All kidding, aside, I wonder why so many municipalities don't require any standard of education/qualification or expertise for this position.


----------



## mtlogcabin (Oct 23, 2009)

Re: BO required to have CBO cert?

The state requires the inspectors to be certified in the discipline they inspect but NO requirements for the Building Official


----------



## Uncle Bob (Oct 23, 2009)

Re: BO required to have CBO cert?

Paul,

No Requirement for Building Official.

I was a Building Official for a small community (less than 4,000 pop.) in Texas, for 3 years; and, I had only a State Plumbing Inspector's License.  The only State requirement is that if you inspect Plumbing, you must have a State Plumbing Inspector's License.  Other than that, it is up to the AHJ, to decide what qualifications and/or certifications they "hope for".

Many municipalities use an Assistant City Manager/ Manager, City Planner, the Mayor, Public Works Director, Fire Chief, or anyone else; who they feel will properly appy the political whims of the AHJ; and not offend any benefactors of the City governing body.

In other words; compliance with the wishes of the Local Home Builder's Association *is an amendment to the adopted codes.*

Uncle Bob


----------



## High Desert (Oct 23, 2009)

Re: BO required to have CBO cert?

Oregon has had mandatory building official certification since about late 70's I believe. About 2 years ago, the state started recognizing the ICC CBO as an equivalent certification. Now in order to become a B.O., you have to obtain the ICC CBO cert. Those of us that had the previous state certification aren't required to get the CBO, for now at least. I am working on mine though.


----------



## FM William Burns (Oct 23, 2009)

Re: BO required to have CBO cert?

Not in Michigan either


----------



## fatboy (Oct 30, 2009)

Re: BO required to have CBO cert?

No requirement in CO...........


----------



## JBI (Oct 30, 2009)

Re: BO required to have CBO cert?

NYS is interesting... To get hired, no. You do need to either pass a civil service exam and get on the local list OR be certified.

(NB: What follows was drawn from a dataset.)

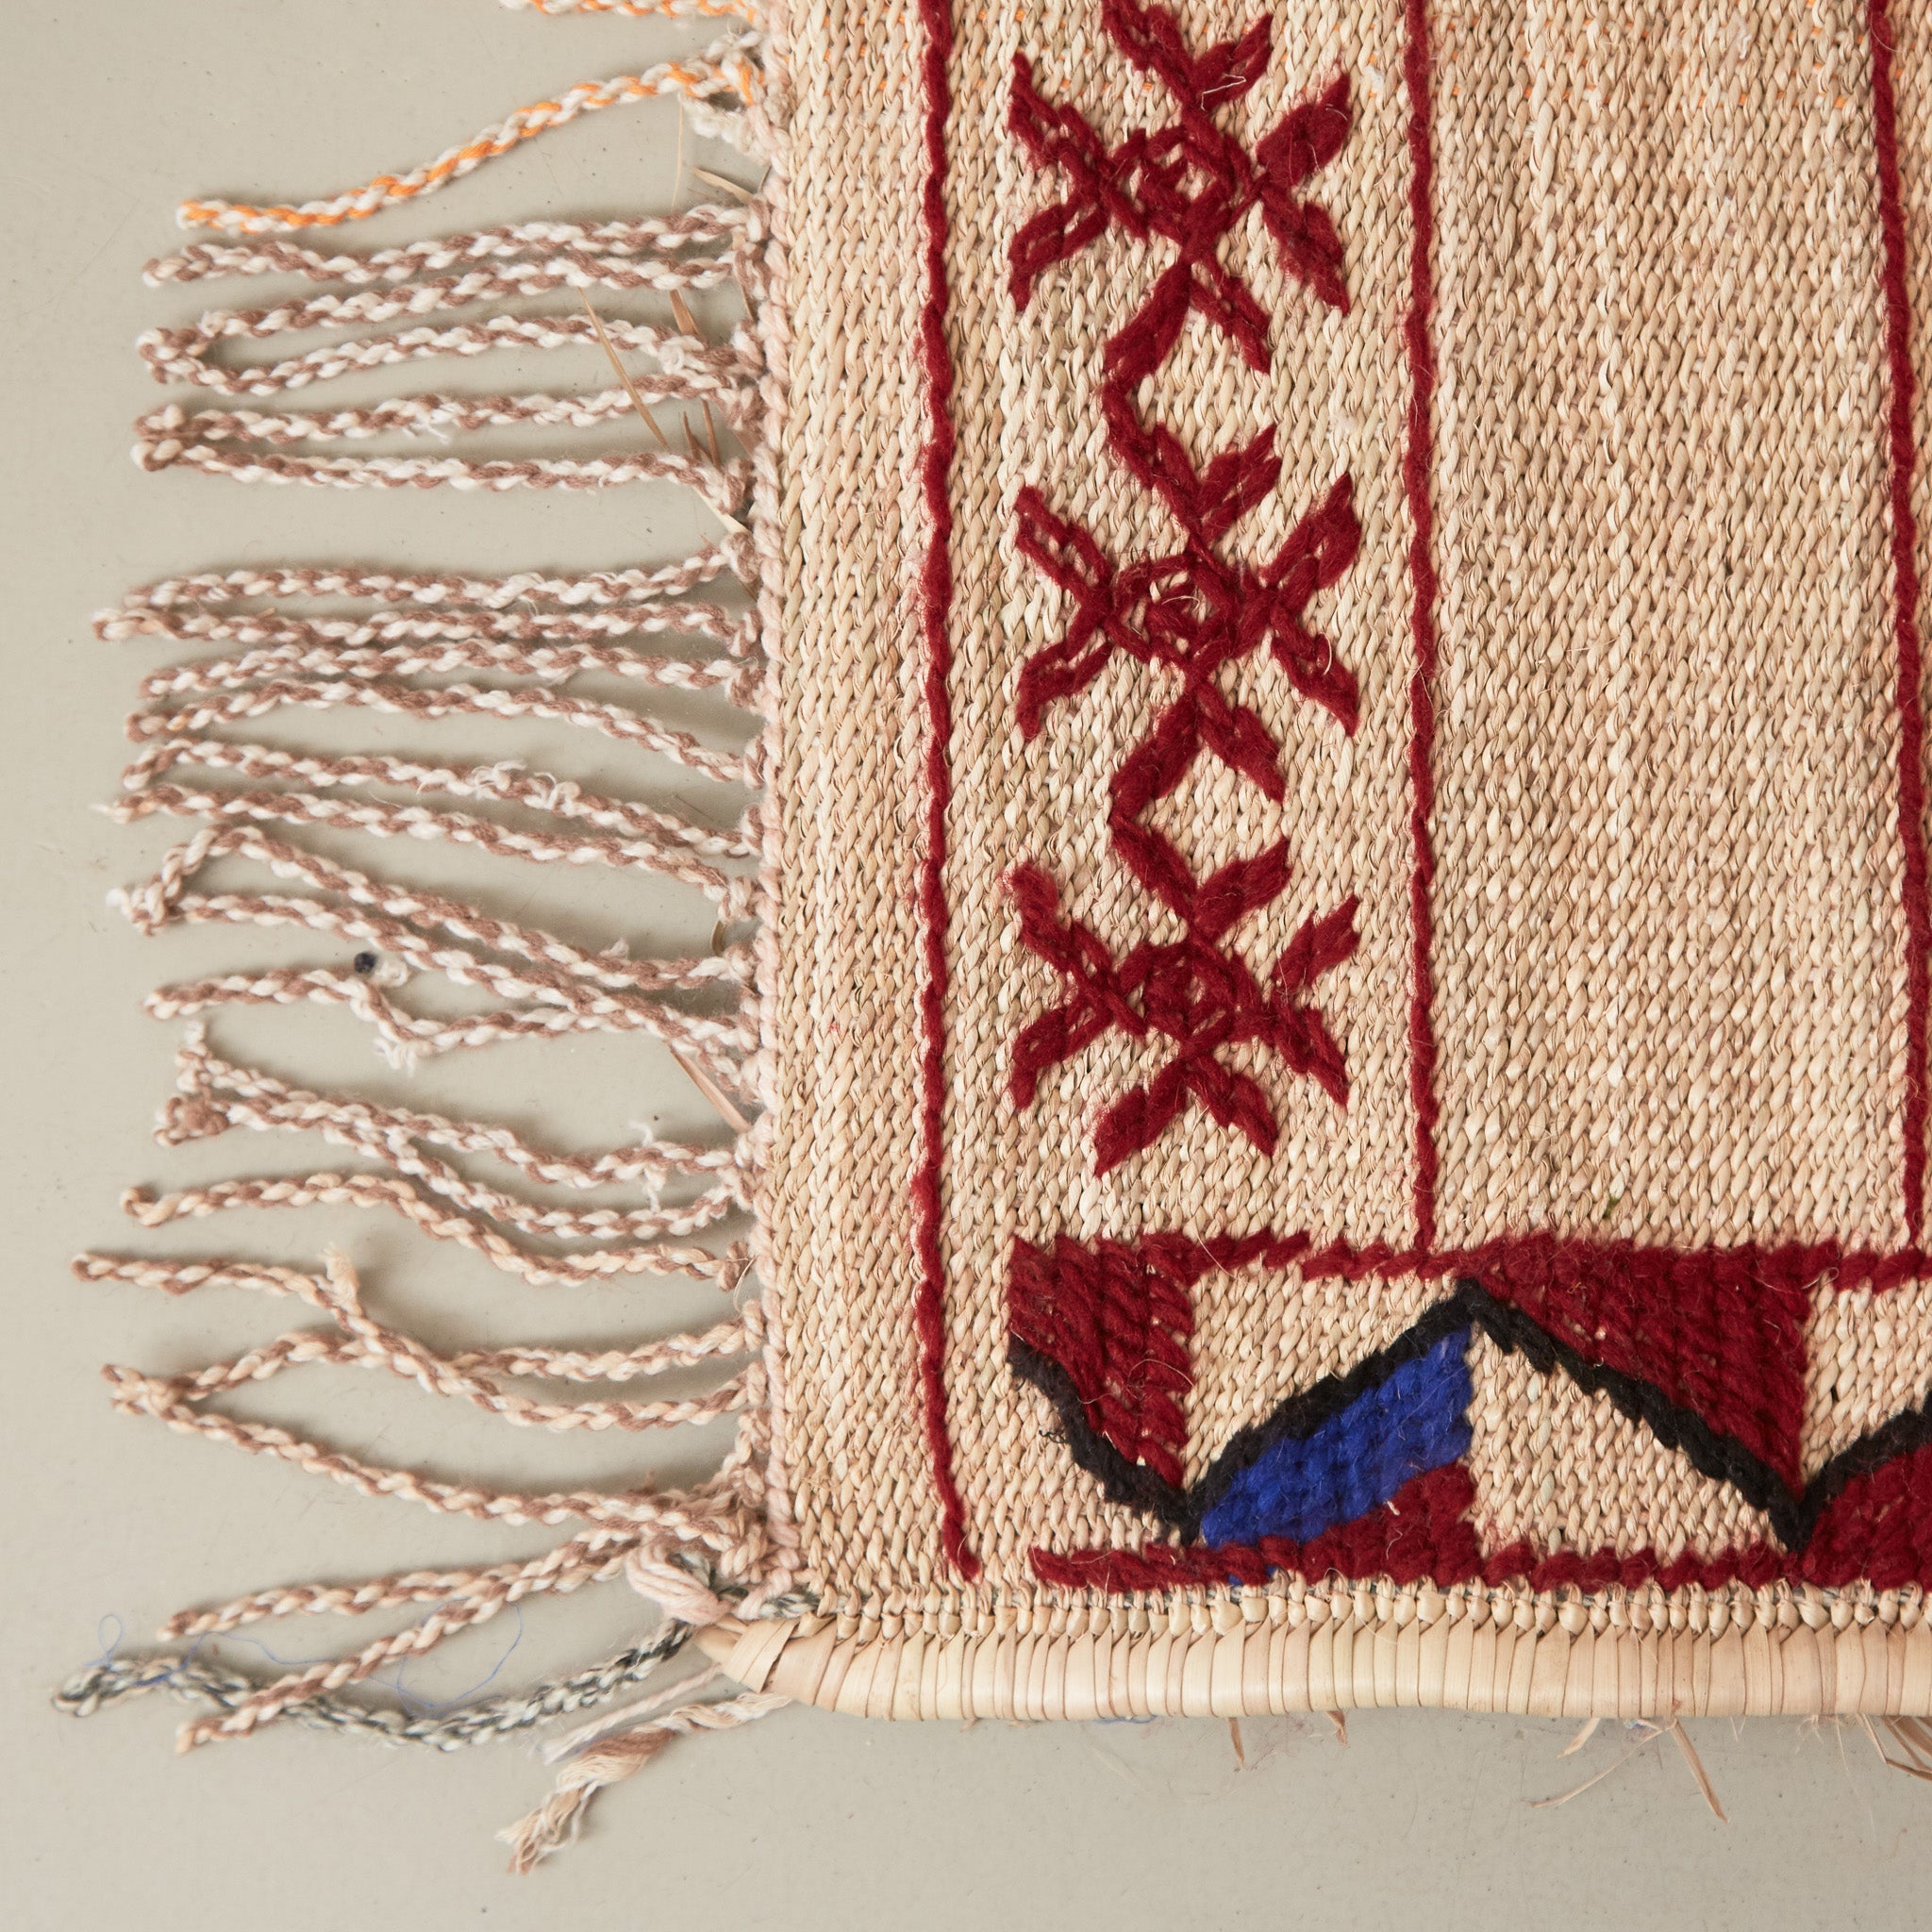 dettaglio dell'angolo e della frangia di una stuoia tappeto in paglia hassira grande in paglia di palma e ricami in lana

The certifications offered by NYS are Code Enforcement Official (the whole banana) or Code Compliance Technician (limited cert for limited duties). Per State Law, in order to enforce the State Code you have (used to be) 18 months to obtain your cert (might be less now?).

Within the last year or two, Codes Division has worked with ICC to make ICC credits useable by State certified CEOs for in-service credit. Not sure where they are with accepting ICC certs outright, or reciprosity for NYS to ICC.

It was always my understanding that our State training program was well respected in other States under the Legacy Codes.


----------



## peach (Oct 31, 2009)

Re: BO required to have CBO cert?

should have to...  sadly, it's not a requirement almost anywhere.

back when I took mine (last century.. jeez)... it was mostly administration, legal and budgeting... not so much technical (well, ok..the technical part was sort of a slow pitch softball)..

it qualifies one to be an administrator.. not an inspector or plan reviewer.  Dress up pretty to go in front of the city council and court; not to speak to the technical issues.

A good building official will know what they don't know and have trusted staff to advise on the technical issues (unless they are very, very good and have grown up thru the codes into their position)....


----------



## fw. (Nov 3, 2009)

Re: BO required to have CBO cert?

Minnesota requires that the Building Official be state certified, small jurisdictions can get by with a limited certification.  Last year they required that any inspectors under the building official also be certified, or the building official provide proof that they are getting continuing education.


----------



## packsaddle (Nov 3, 2009)

Re: BO required to have CBO cert?

Why?

Apparently, you only need one ICC certification to be President of ICC.


----------